Monday, October 05, 2009

It's not our job to fix the Welsh government's bad decisions

The NHS in Shropshire is proposing to cut A&E and acute paediatric services in Telford's Princess Royal Hospital to save money.

David Wright, the MP for the Telford constituency, has launched a "Say no to Shrewsbury" campaign calling for cuts to be made at Shrewsbury rather than Telford which has prompted Daniel Kawczynski, the MP for the Shrewsbury & Atcham constituency, to campaign for the cuts to be made at Telford instead. Daniel Kawczynski has even tried to enlist the help of Rhoddri Morgan, the First Minister of Wales, because patients from Mid Wales would be inconvenienced by cuts to the Royal Shrewsbury Hospital.

The suggestion that one hospital can cope with all A&E and acute paediatric referrals is ridiculous in itself but to suggest that they should be centralised in Shrewsbury when Telford has the largest and fastest growing population in the county is unbelievable.

What is best for Shropshire is for the services to stay at both hospitals or for a new hostpial to be built between Shrewsbury and Telford. But if there is a requirement to centralise services then they should be centralised in Telford, not in Shrewsbury.

The problem with this suggestion, though, is that it inconveniences patients from Mid Wales who don't have a local Welsh hospital. The NHS in Shropshire has cited this as a reason to keep services in Shrewsbury and the Daniel Kawczynski MP has also used it as an excuse to keep services at the hospital in his constituency.

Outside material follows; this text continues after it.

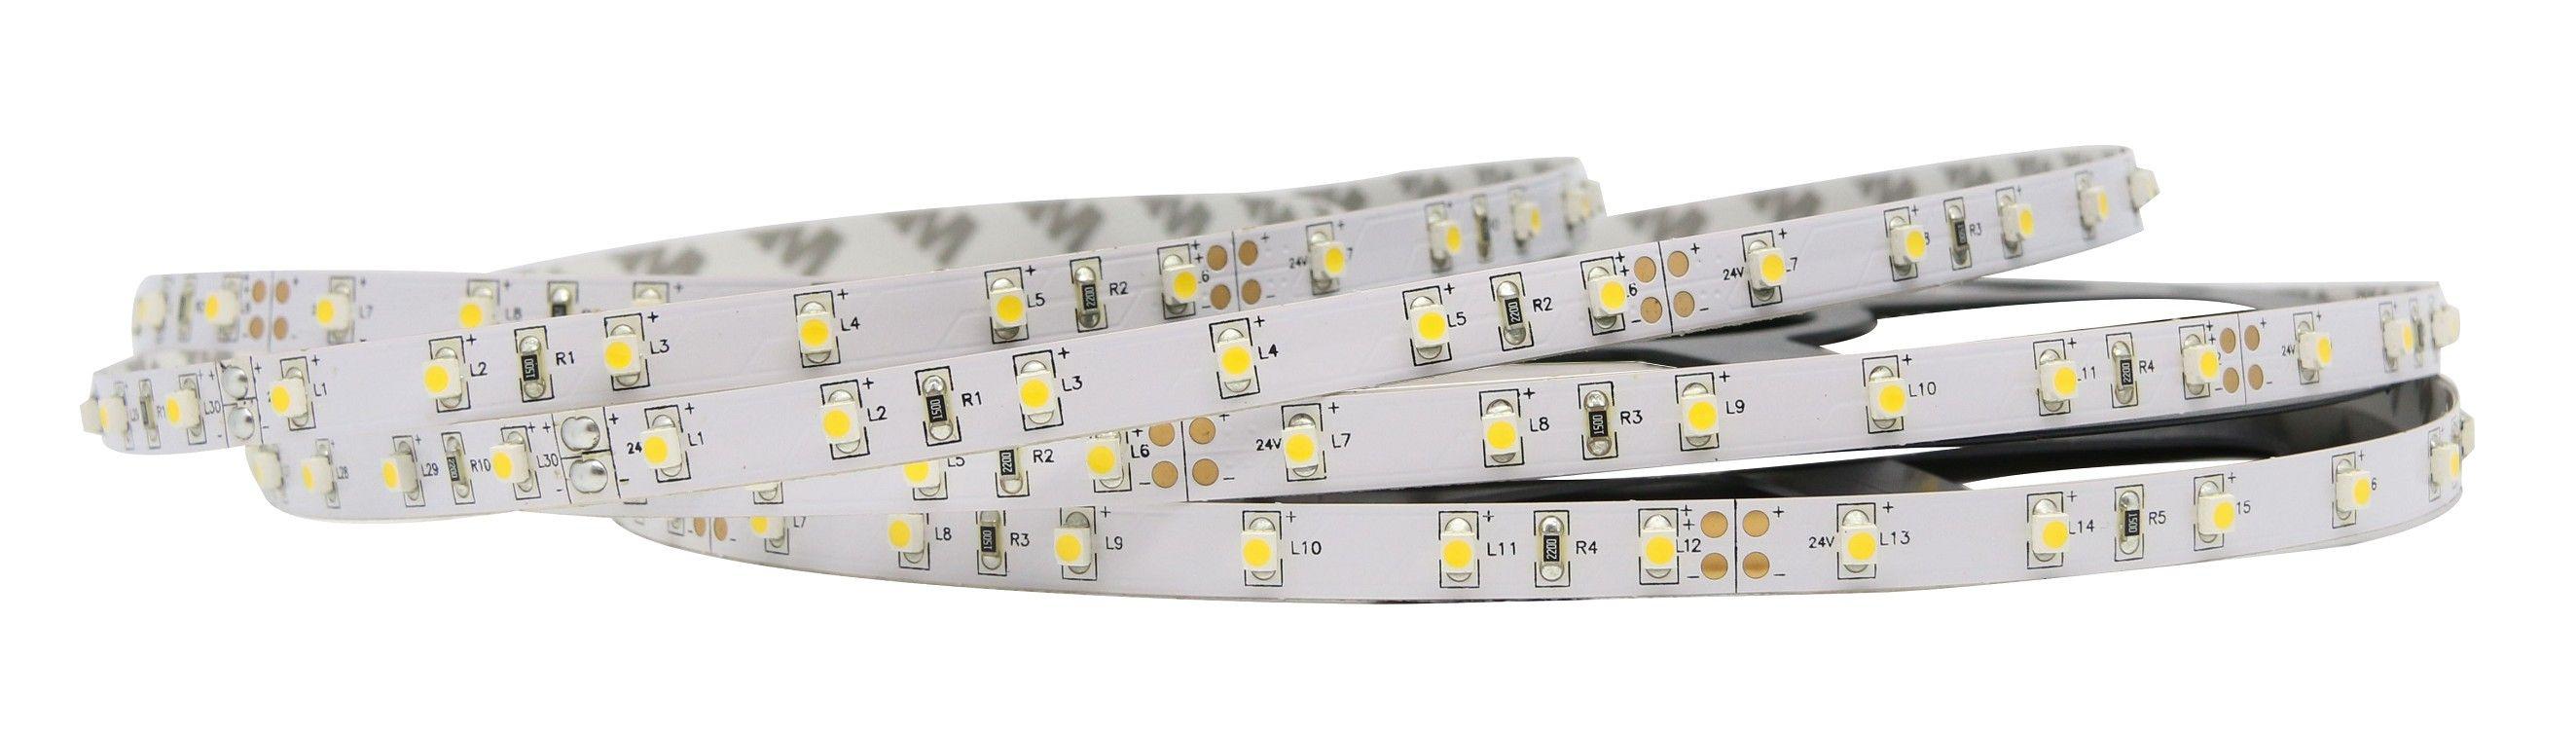 LED Striplight S241-High-Performance-24V-4.8W
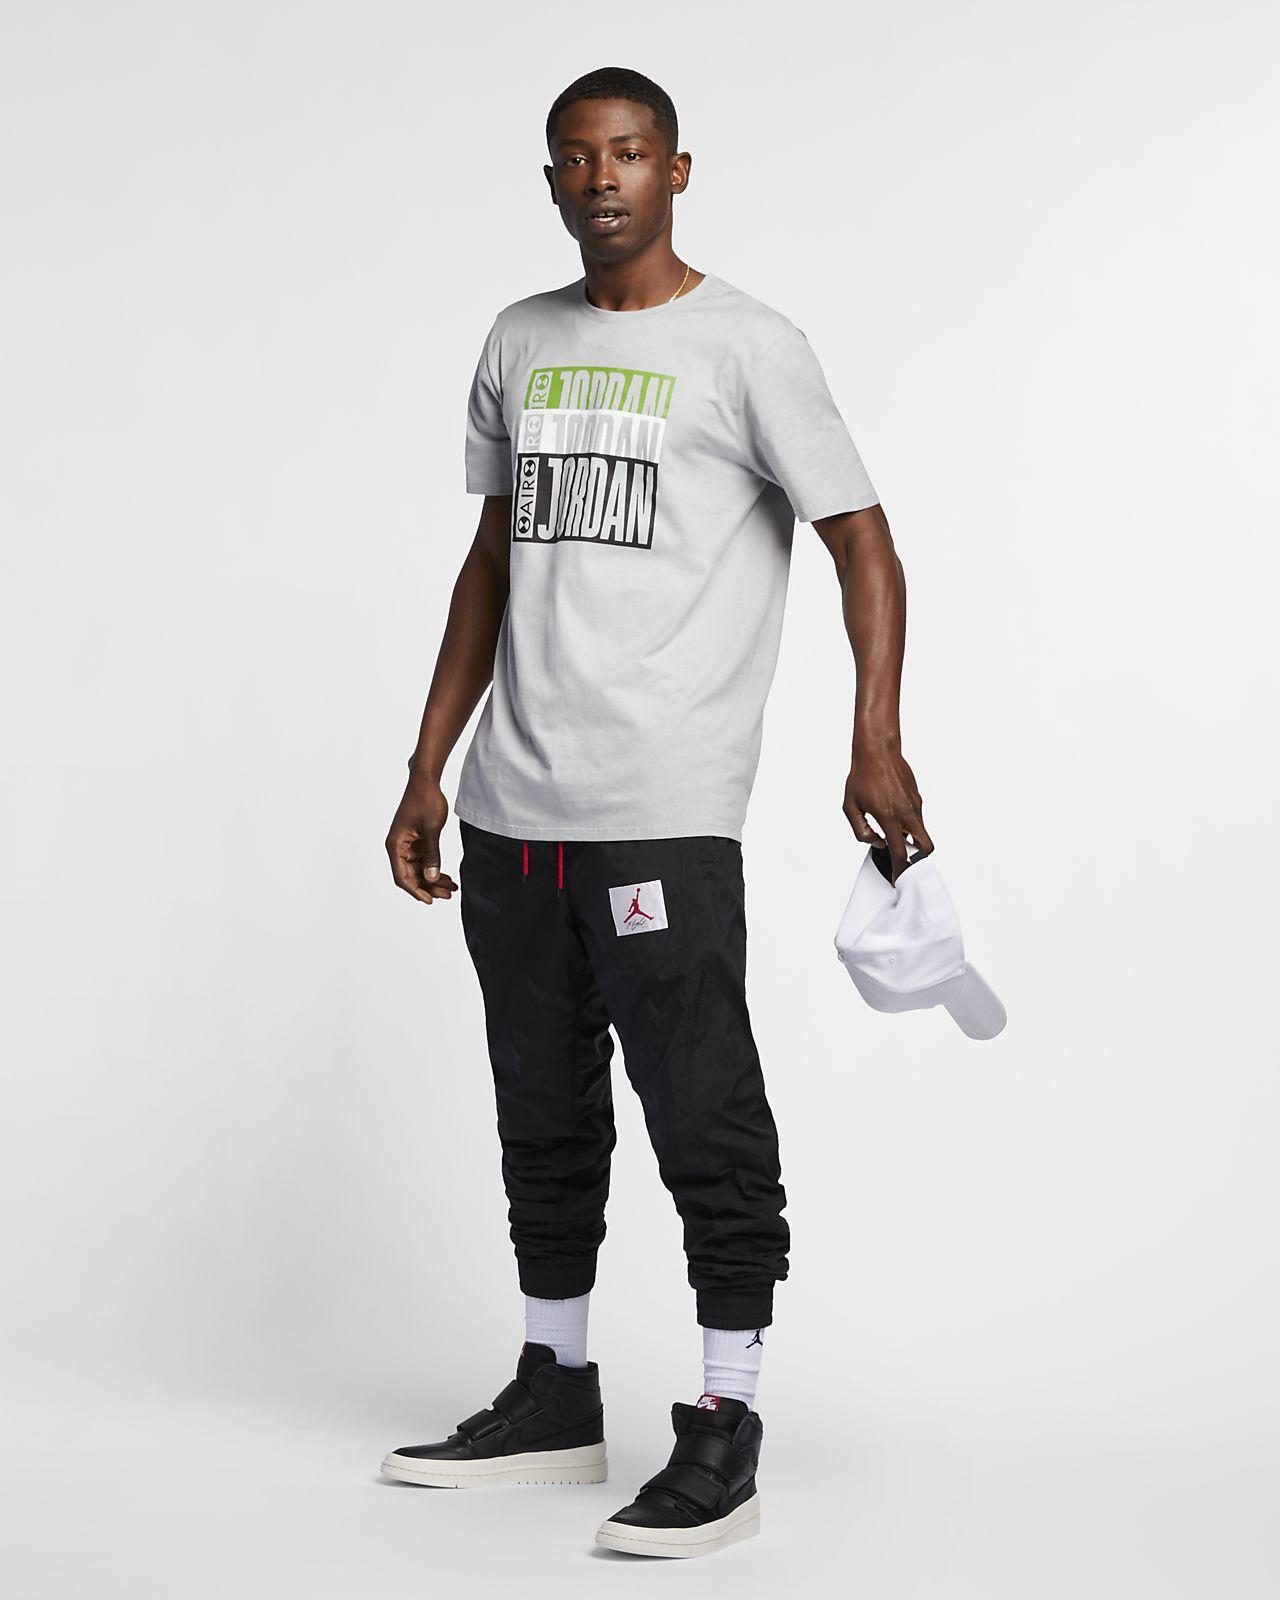 f55e7214 Jordan Legacy AJ 3 Tinker Men's T-Shirt . Nike.com

And this is the problem with so-called English MPs - they aren't English MPs at all, they are British MPs. On balance, taking into account the interests of patients from Mid Wales, it makes most sense to keep services at Shrewsbury and it is the interests of those Welsh patients that Daniel Kawczynski is taking into account and using as leverage to save services at the Royal Shrewsbury Hospital.

But the people of Shrewsbury & Atcham elected Daniel to represent their interests, not the interests of Welsh people. In Wales they elect Welsh Assembly Members to deal with health as it's a devolved area and it is the Welsh government that has a responsibility to provide adequate health care in Wales, not the British government and not the NHS in Shropshire.

I'm not suggesting for a moment that someone from outside of Shropshire should be refused treatment at any of our Shropshire hospitals but there is a difference between treating someone from another English county, whose health provision is the responsibility of the same government that our own is in Shropshire and treating someone from another country whose health provision is the responsibility of another government - one that, crucially, is funded separately to the English NHS and given more money from the British Treasury to provide services.

This isn't a case of sour grapes or being anti-Welsh, it's simply that the provision of health services to Welsh people is the responsibility of the Welsh government and if services do need to be cut in Shropshire then those cuts should be made in such a way that it provides the least detriment to the people of Shropshire. If it leaves the Welsh with worse health provision then I'm afraid it is up to the Welsh people to petition the Welsh government to invest some of their health budget in building a hospital in Mid Wales.

The Welsh people asked for their own government and they got it. They have to live with the consequences of that decision and one of those consequences is that they can't keep relying on the English to pick up the pieces when their government makes the wrong decision. Not investing in health care in Mid Wales was a bad decision but fixing the consequences of that bad decision is up to the Welsh government, not the NHS in Shropshire.

1 comment:

Unknown said...

Eminently sensible - well said.

The English NHS should not be beholden to the needs of a separate NHS.